I am trying to join two dataframes:
df1, columns:
document_nbr, line_id, product_id, product_size, reference_nbr, local_cd, invoice_local_cost, invoice_delivery_id, created_by_id, transaction_ind, etl_tmst, record_created_tmst, record_updated_tmst, source_id, line_number, etl_date
Joining df1 with df2:
df2 columns:
document_nbr, line_id, variant_id, line_nbr as line_number
on columns:
df1.document_nbr = df2.document_nbr and df1.line_id == df2.line_id
Join type: left
I have a column line_number
present in both the dataframes df1
and df1
and I want to drop same column from df1
and select it from df2
.
To do that, I wrote the below logic to select all the columns but line_number
from df1
and select line_number
from df2
df1 = df1.join(df2.alias('df2'),
on=(df1.document_nbr == df2.document_nbr) & (df1.line_id == df2.line_id),
how='left').\
select([col(c) for c in df1.columns if c != 'line_number'], col("df2.line_number"))

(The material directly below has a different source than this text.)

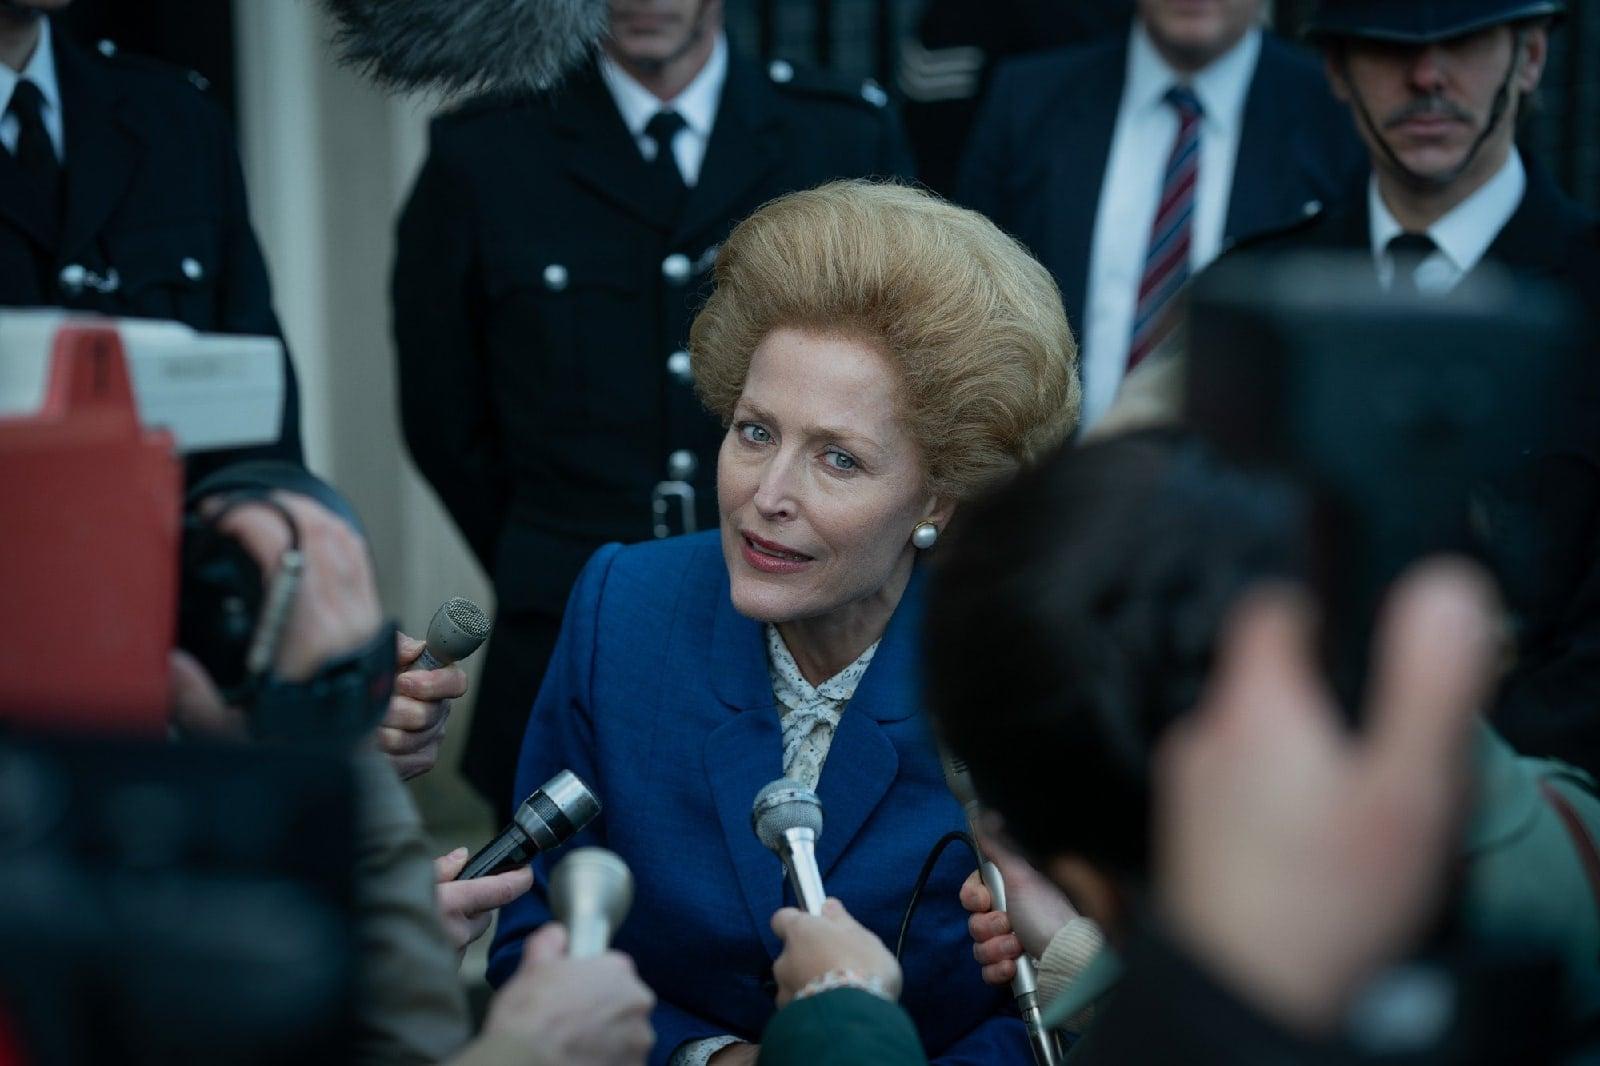 первые кадры сериала Корона четвертого сезона
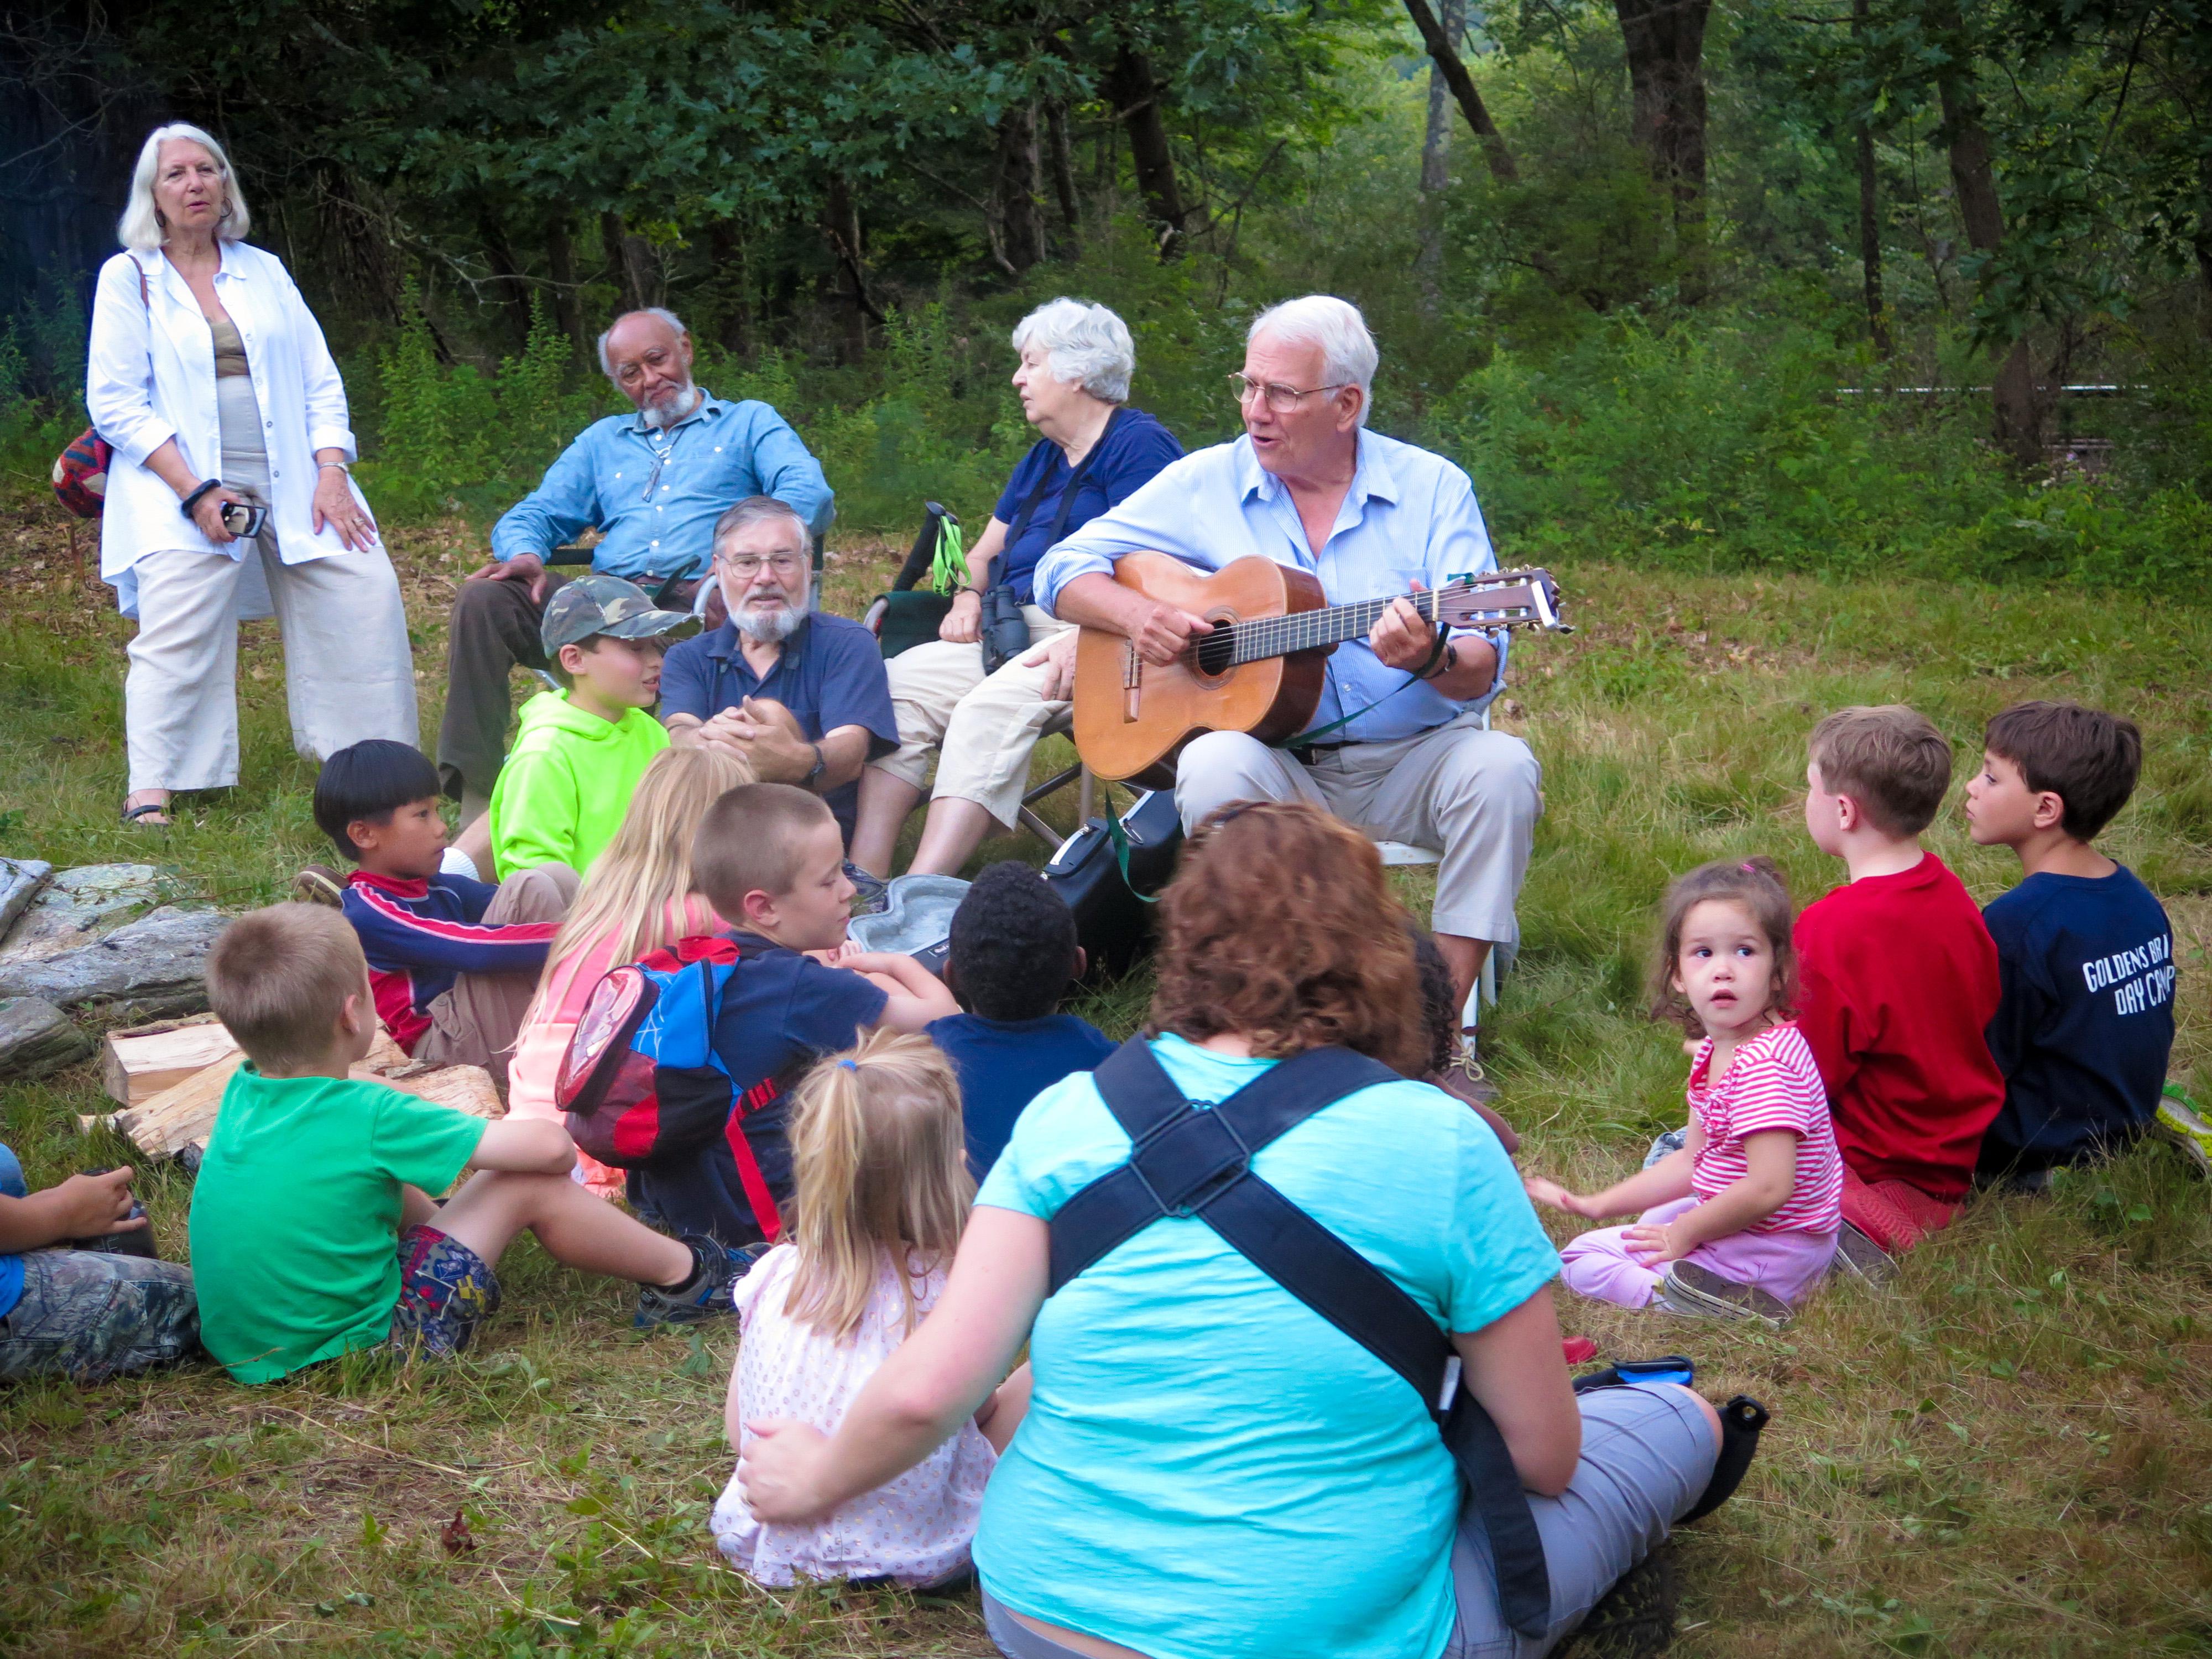 John Baker's fireside concert

When I run the code, I get the exception:
Invalid argument, not a string or column: [Column<b'document_nbr'>, Column<b'line_id'>, Column<b'product_id'>, Column<b'product_size'>, Column<b'reference_nbr'>, Column<b'local_cd'>, Column<b'invoice_local_cost'>, Column<b'invoice_delivery_id'>, Column<b'created_by_id'>, Column<b'transaction_ind'>, Column<b'etl_tmst'>, Column<b'record_created_tmst'>, Column<b'record_updated_tmst'>, Column<b'source_id'>, Column<b'source_id'>,Column<b'etl_date'>] of type <class 'list'>. For column literals, use 'lit', 'array', 'struct' or 'create_map' function.
Traceback (most recent call last):
File "/local_disk0/tmp/spark-14a2e8a1-b280-4c83-a724-16976b1bc277/template_python-1.0.0-py3-none-any.whl/src/line_upd.py", line 66, in line_transformation
how='left').select([col(c) for c in df1.columns if c != 'line_number'], col("df2.line_number"))
File "/databricks/spark/python/pyspark/sql/dataframe.py", line 1439, in select
jdf = self._jdf.select(self._jcols(*cols))
File "/databricks/spark/python/pyspark/sql/dataframe.py", line 1233, in _jcols
return self._jseq(cols, _to_java_column)
File "/databricks/spark/python/pyspark/sql/dataframe.py", line 1220, in _jseq
return _to_seq(self.sql_ctx._sc, cols, converter)
File "/databricks/spark/python/pyspark/sql/column.py", line 68, in _to_seq
cols = [converter(c) for c in cols]
File "/databricks/spark/python/pyspark/sql/column.py", line 68, in <listcomp>
cols = [converter(c) for c in cols]
File "/databricks/spark/python/pyspark/sql/column.py", line 56, in _to_java_column
"function.".format(col, type(col)))
Could anyone let me know what is the mistake I am doing here ? How can I select all columns but line_number
from df1
abd column line_number
from df2
after the join ?
CodePudding user response:
Just drop it after join
df1 = df1.join(df2.alias('df2'),
on=(df1.document_nbr == df2.document_nbr) & (df1.line_id == df2.line_id),
how='left').drop(df1.line_number).show()
With Sample data
df1=spark.createDataFrame([(100 , 'QC' , 'Darzalex MM'),
(105 , 'XY' , 'INVOKANA'),
(107 , 'CZ' , 'Simponi RA'),
(117 , 'NM' , 'Guselkumab PSA'),
(118 , 'YC' , 'STELARA'),
(126 , 'RF' , 'INVOKANA')],
('document_nbr' , 'line_id' , 'line_number'))
df1.show()
df2 =spark.createDataFrame([(118 , 'YC' , 'STELARA'),
(126 , 'RF' , 'INVOKANA'),
(131 , 'VG' , 'STELARA'),
(135 , 'IJ' , 'Stelara CD')],
('document_nbr' , 'line_id' , 'line_number'))
df2.show()
df1 = df1.join(df2.alias('df2'),
on=(df1.document_nbr == df2.document_nbr) & (df1.line_id == df2.line_id),
how='left').drop(df1.line_number).show()
CodePudding user response:
You can use select after the join to select the columns you need using aliases
new_df= df1.alias('df1').join(df2.alias('df2'),
on=(df1.document_nbr == df2.document_nbr) & (df1.line_id == df2.line_id),
how='left').select('df1.document_nbr', 'df1.line_id', 'df2.line_number')
New_Df will now have only 3 columns, but you can add as many as you like.If you want to add all columns from a df use 'df1.*'. Hope this helps!